[To do]
Except for images, print the whole listing verbatim.

[Collected material]
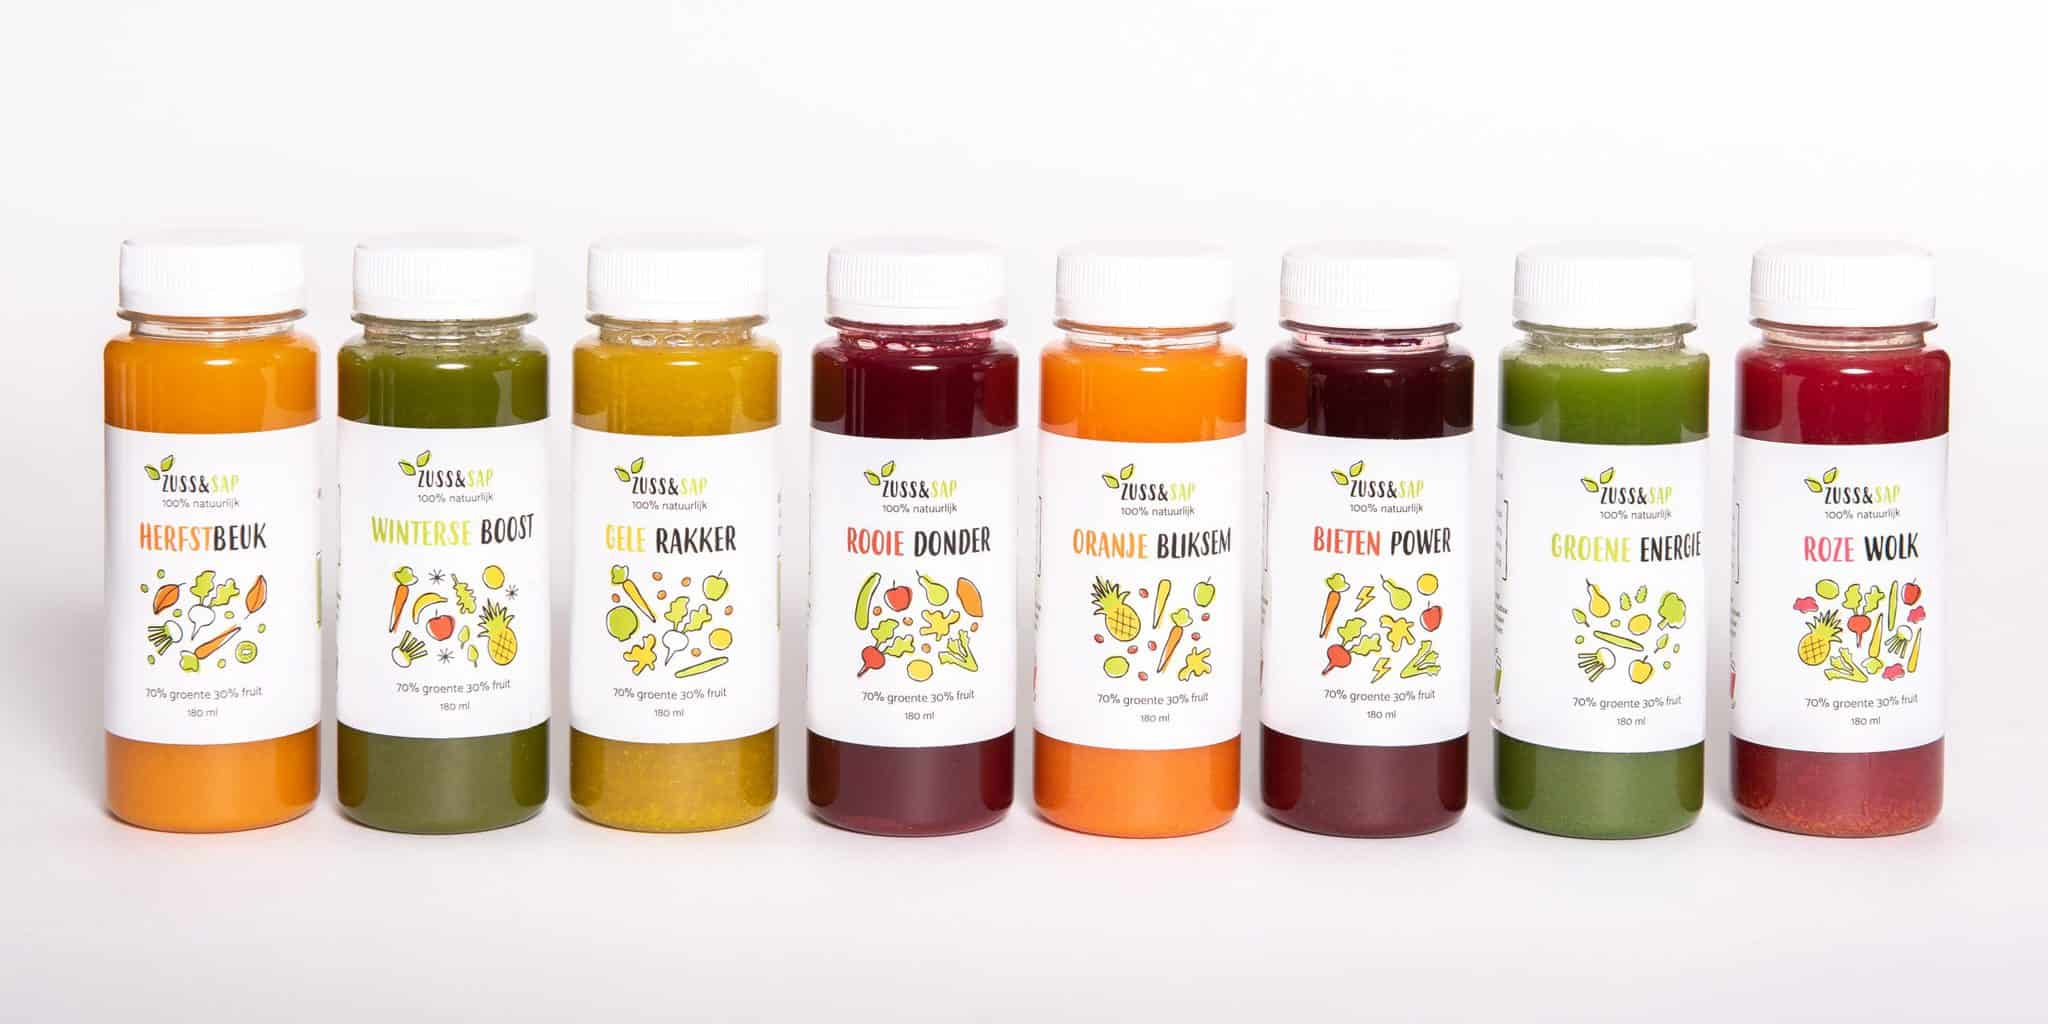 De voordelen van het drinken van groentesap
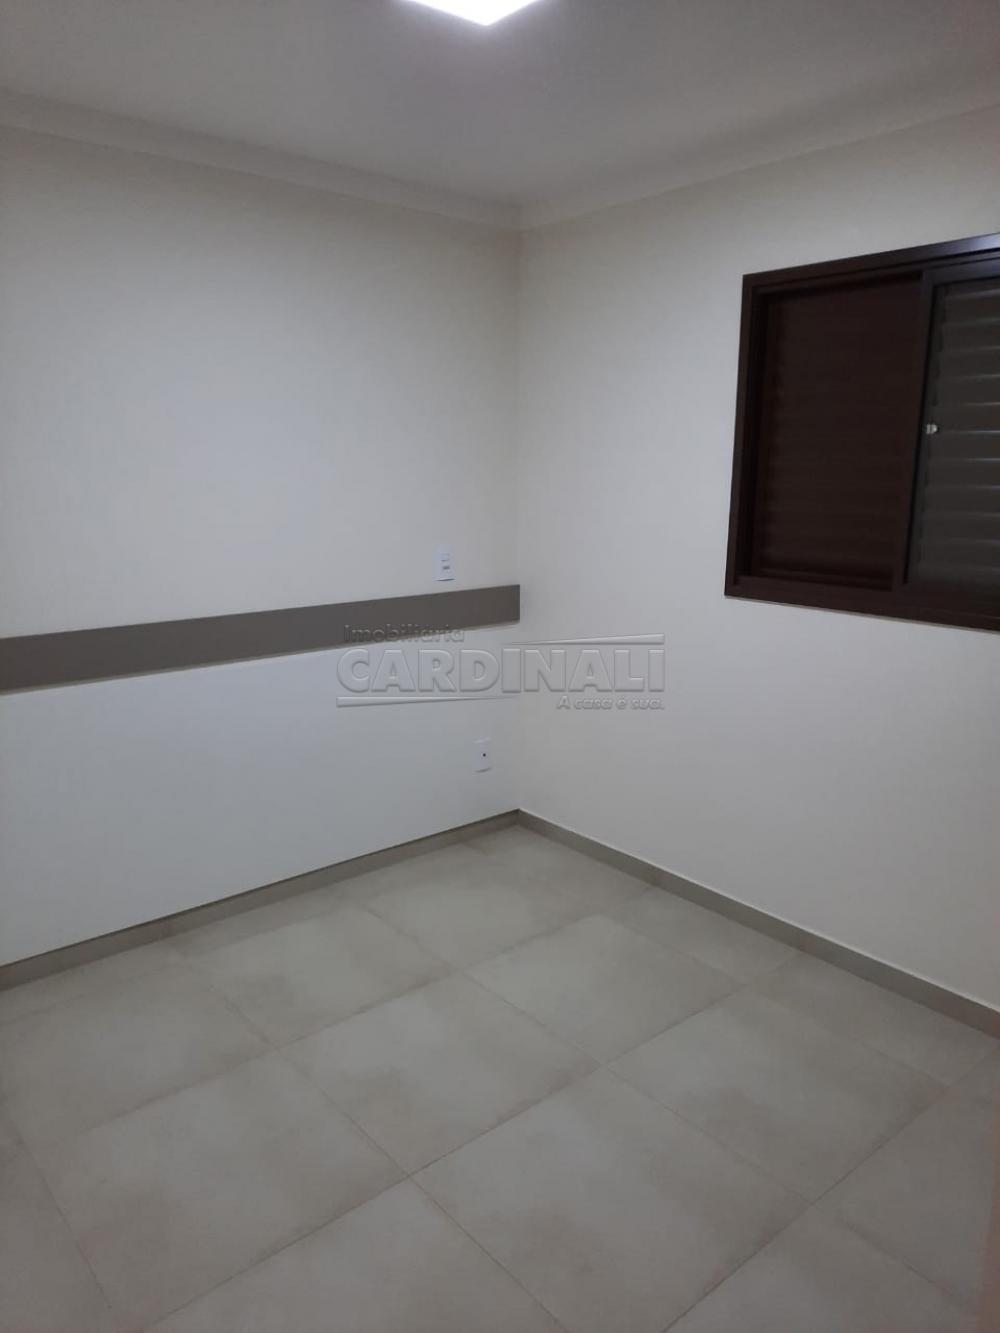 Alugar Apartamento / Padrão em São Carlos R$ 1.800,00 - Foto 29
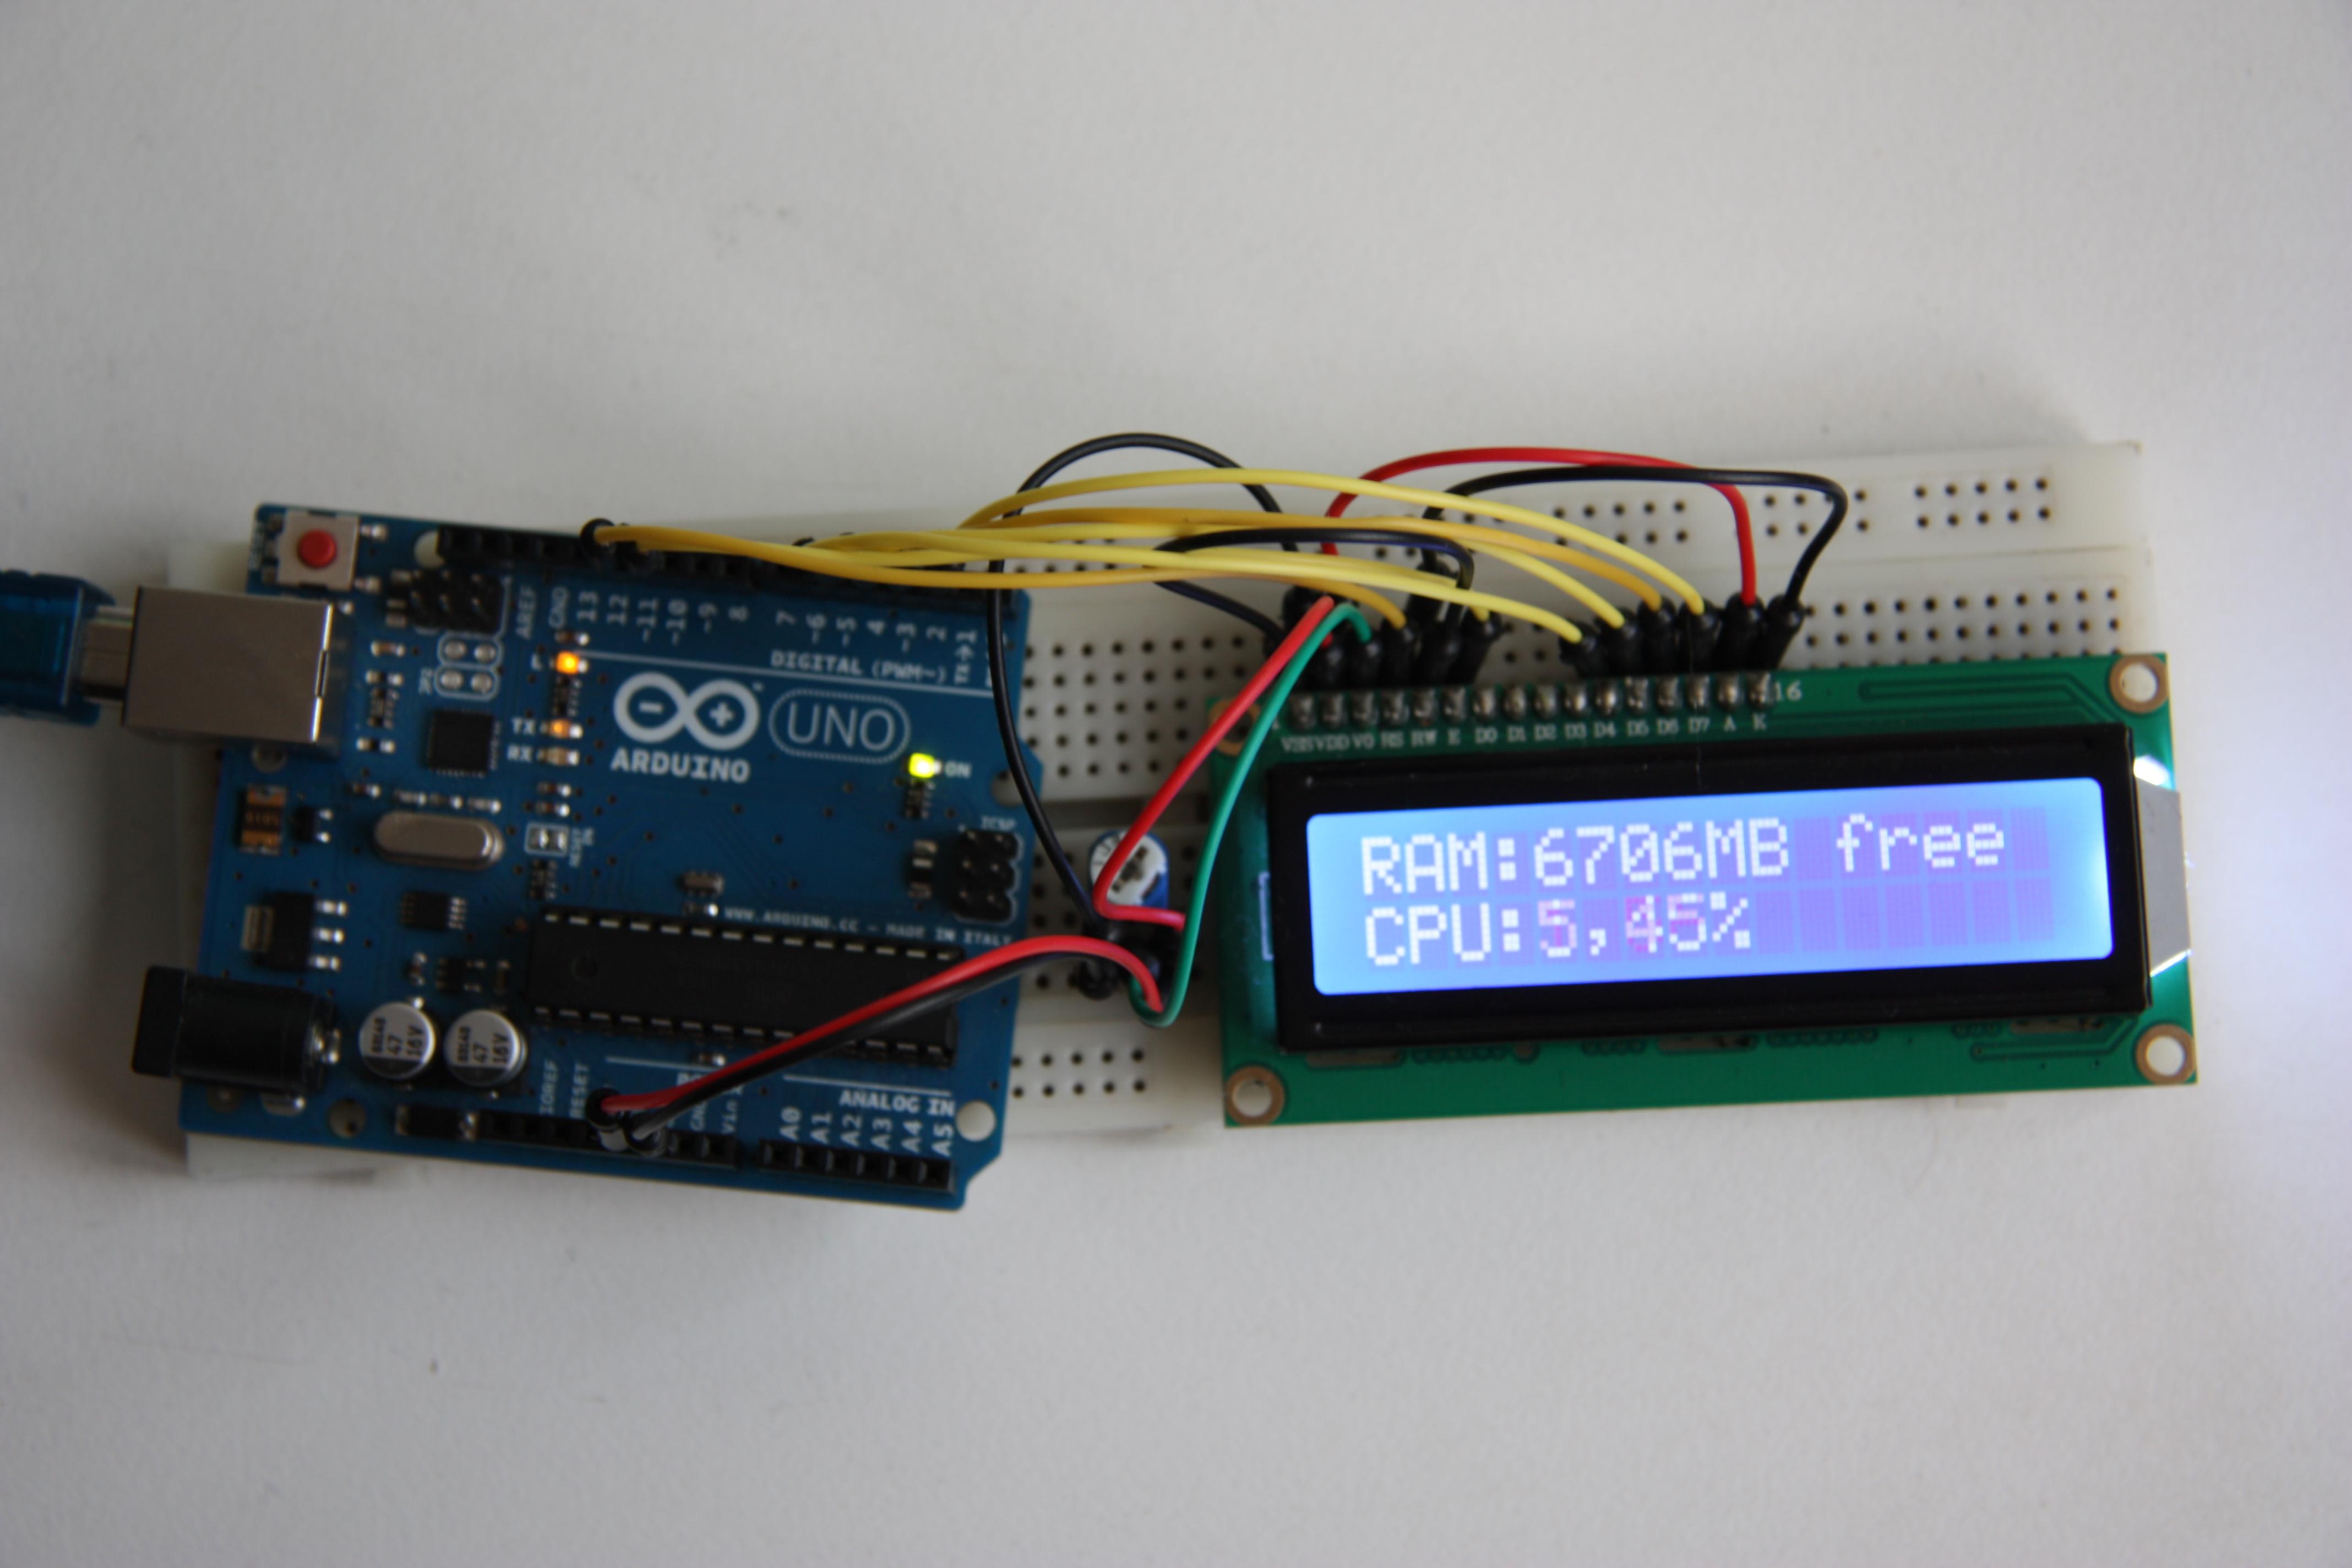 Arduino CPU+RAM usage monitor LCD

[Expected answer]
 De voordelen van het drinken van groentesap
 Alugar Apartamento / Padrão em São Carlos R$ 1.800,00 - Foto 29
 Arduino CPU+RAM usage monitor LCD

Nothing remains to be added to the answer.